Good luck w/ the end of your course,


----------



## Recce41 (20 Oct 2002)

Don‘t waste your time with the School OR. They will tell you the samething. You will be able to apply for one after Battle school. And you are posted to one of the Btls ie Petawawa for 1 and 3rd RCR, and 2 RCR in Gagetown.  Once you clear in to the Base and Unit, you will be able to apply for one. It takes from 1 week to 6 months. Since you will be out of Battle School around Christmas, You will not get one until Apr 03. Due to that is the start of the posting season. And the Army will not pay extra to move you in Jan or Feb. They may if money is there. So relax. One question, what is the rush.


----------



## Cdn Soldier (20 Oct 2002)

What the rush is is probably none of your business and besides, what‘s it matter to you if he decides he wants to try getting one a shot anyway?  And how does a wait of "1 week to 6 months" suddenly equate to your proclamation that he won‘t get one until Apr 03?!

As for when he can apply for a PMQ, he does not have to wait until he is cleared into the unit and base, he can apply as soon as he has his posting message.  Also, as he is coming off the BTL his move will be paid no matter when it happens, not that it will cost anymore to move him in Jan or Feb as opposed to APS in anycase.

My advice to you Stiker is to ignore Recce41 and take Ians advice about checking it out with the OR.  I know for a fact that pers have received PMQ‘s while on their basic trades training due to their unique and compelling circumstances.  Check it out and explore all of your options.  Too many times barrack room lawyers dish out bad advice which is taken as gospel resulting in hardship for the young troopie.


----------



## Ray (20 Oct 2002)

my son 7 year old is the rush!!I want to get him on a base hopefully mine ,to get him use to Military Life.cause me being at St jean is fine cause I am only 3 1/2 hours from home when i go to Meaford.I ll be on 10 week Soldier Evaluation,then after the 10 weeks i ll go to battle school for 16 more weeks,wich means i ll be 8 hours away from home.No weekends cause,i ll be to far from home!


----------



## Harry (21 Oct 2002)

Striker,

Hate to say it but you can not get a PMQ until after you finish Battle School.  There are circumstances, usually based upon DIRE or significant compassionate reasons, and to be honest, from what you described, not likely.

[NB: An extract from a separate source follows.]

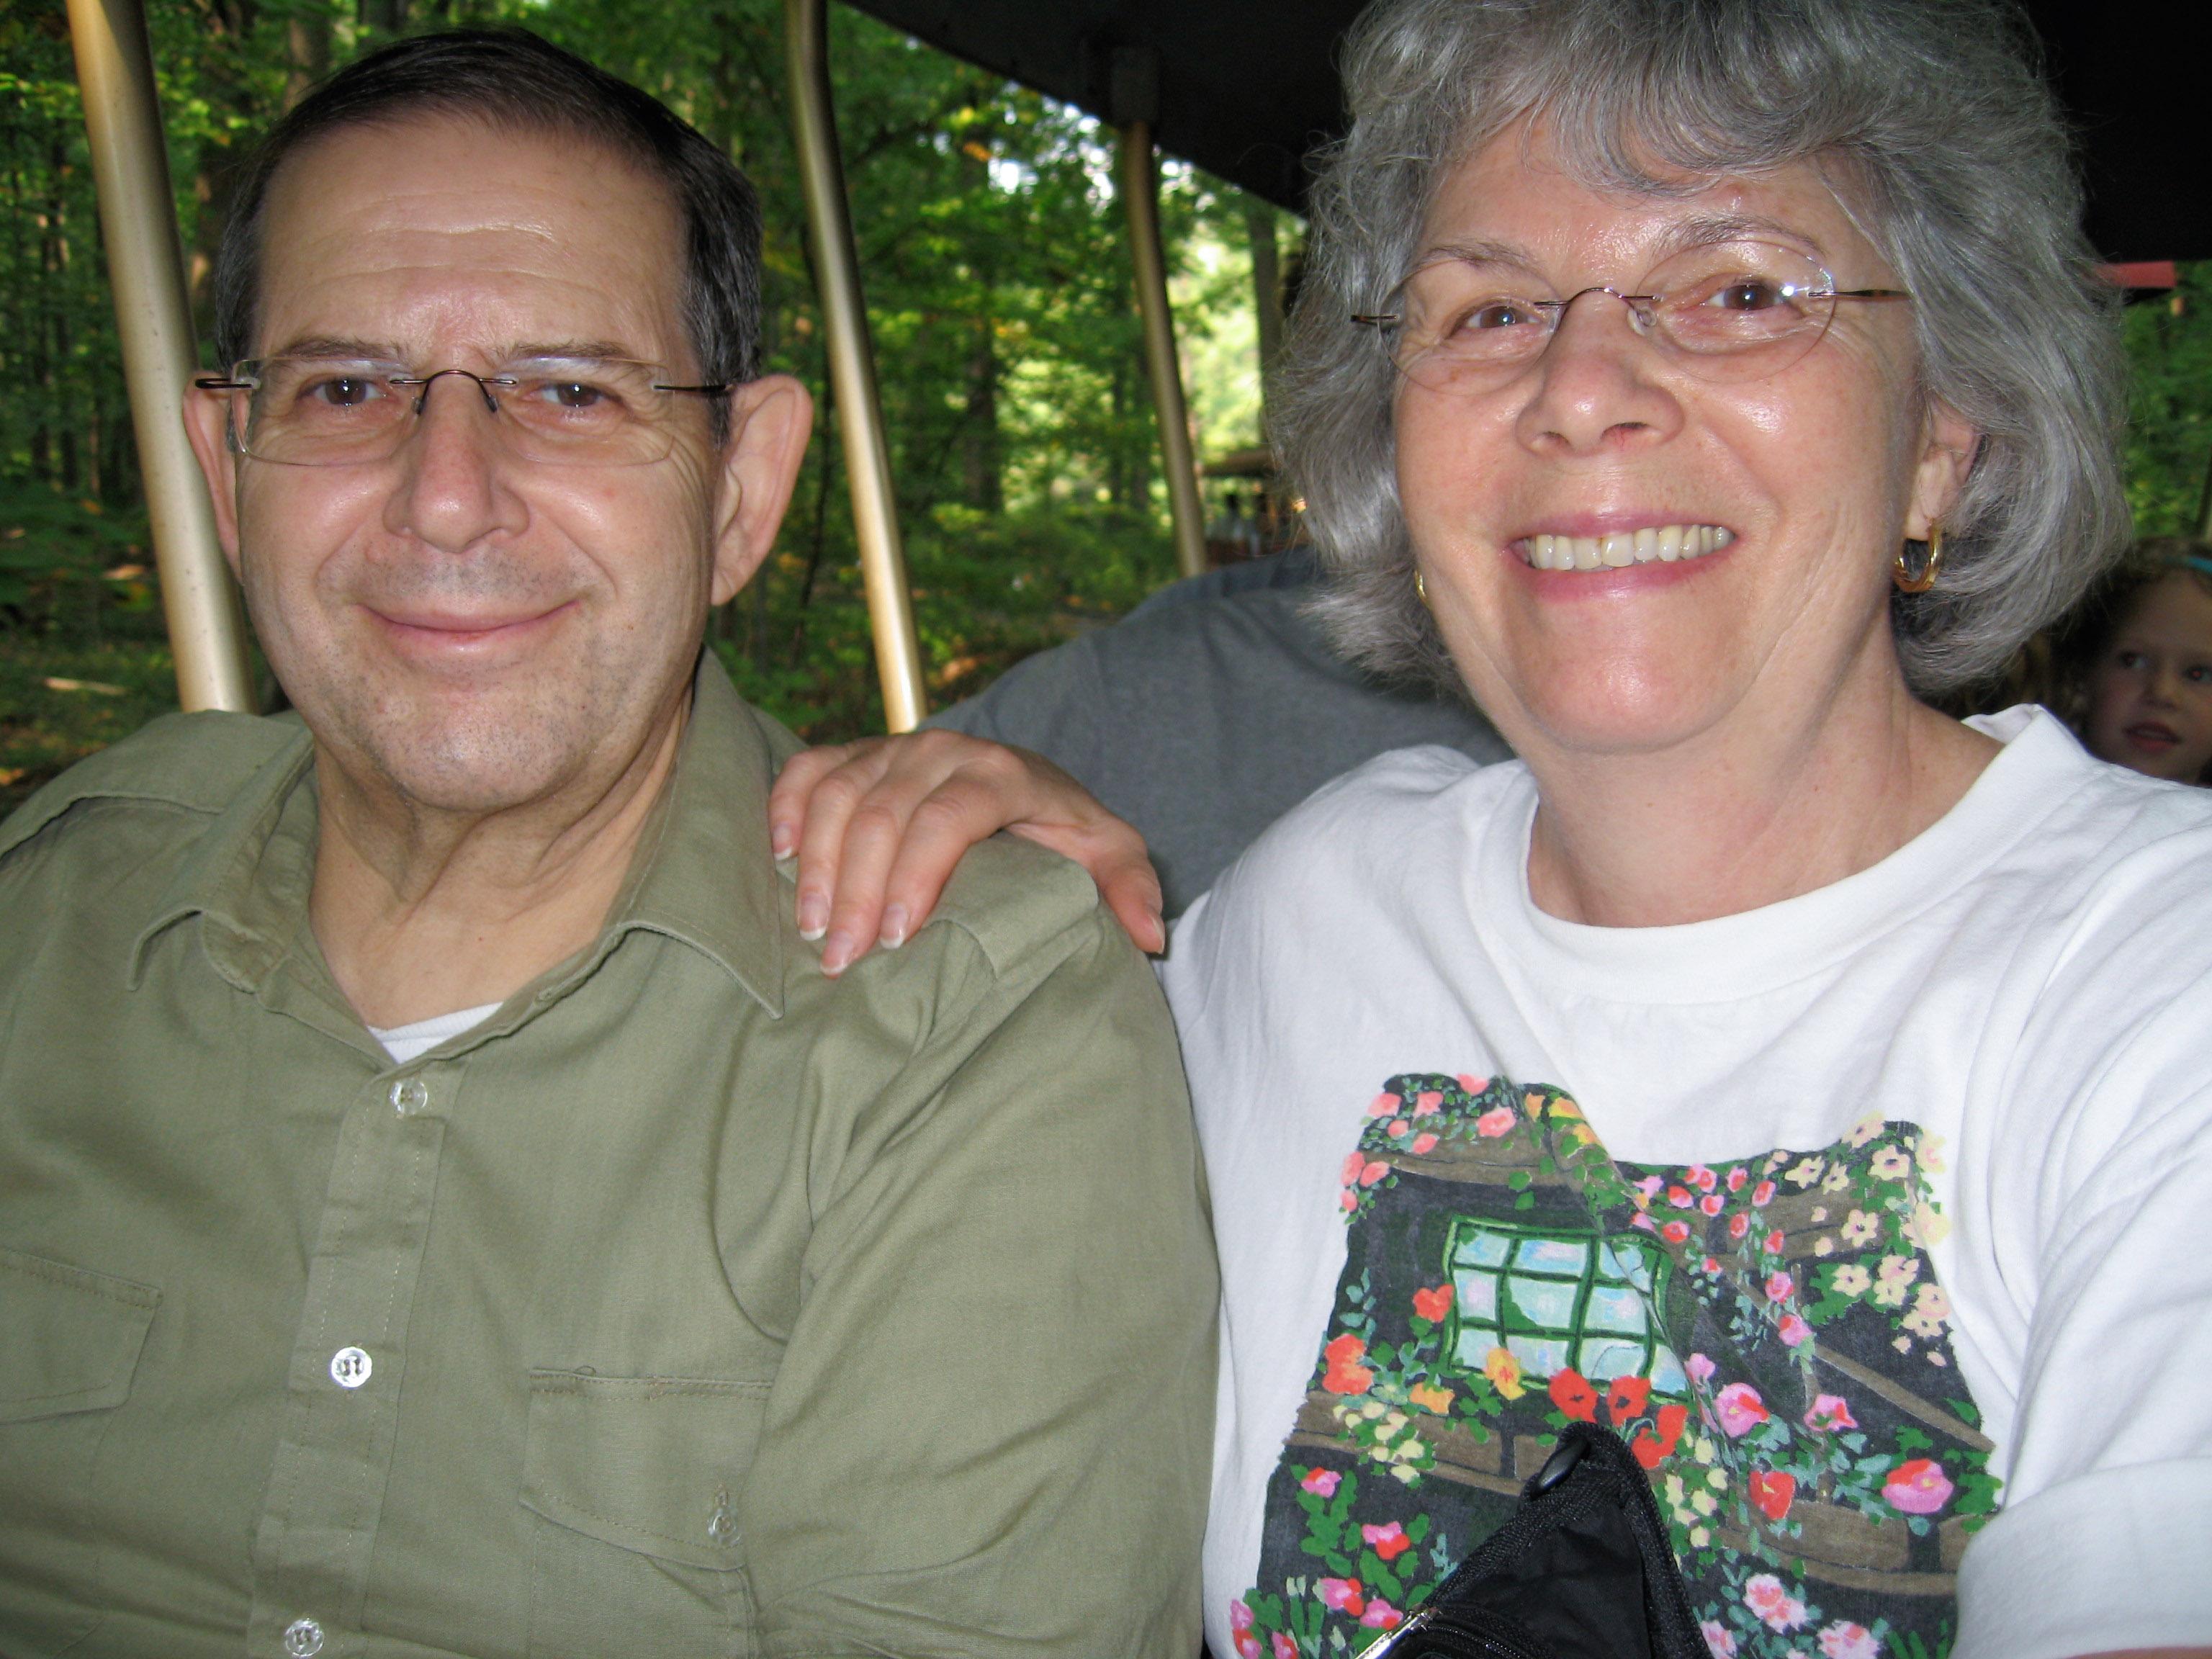 Warren Weinstein with his wife, Elaine, in an undated family photo. Weinstein, an Al-Qaeda hostage, was killed in an American drone strike. (bringwarrenhome.com)

You can ask for one in Borden, but I have a feeling that by the time it gets sorted you will be posted to a unit.

Keep in mind a move of this nature involves some pretty heavy expenses, and I believe, (I could be wrong) that you should have been told about DF&E on enrolment, especially with a child and or family.

The other thing to keep in mind, you would be moving them for what is classed a short period and then no doubt moving again too another location. It is not allowed.  

All told, the CF may cite the stability of the current situ and say no.

Be honest, yes it is important to be near them, but do you want the kids first year of military exposure to be a continuous cycle of new schools, no friends, and discord.  The stress to the child will be great and moving the child will cause a false sense or belief that they will be able to see you regularly.  When in fact you will not.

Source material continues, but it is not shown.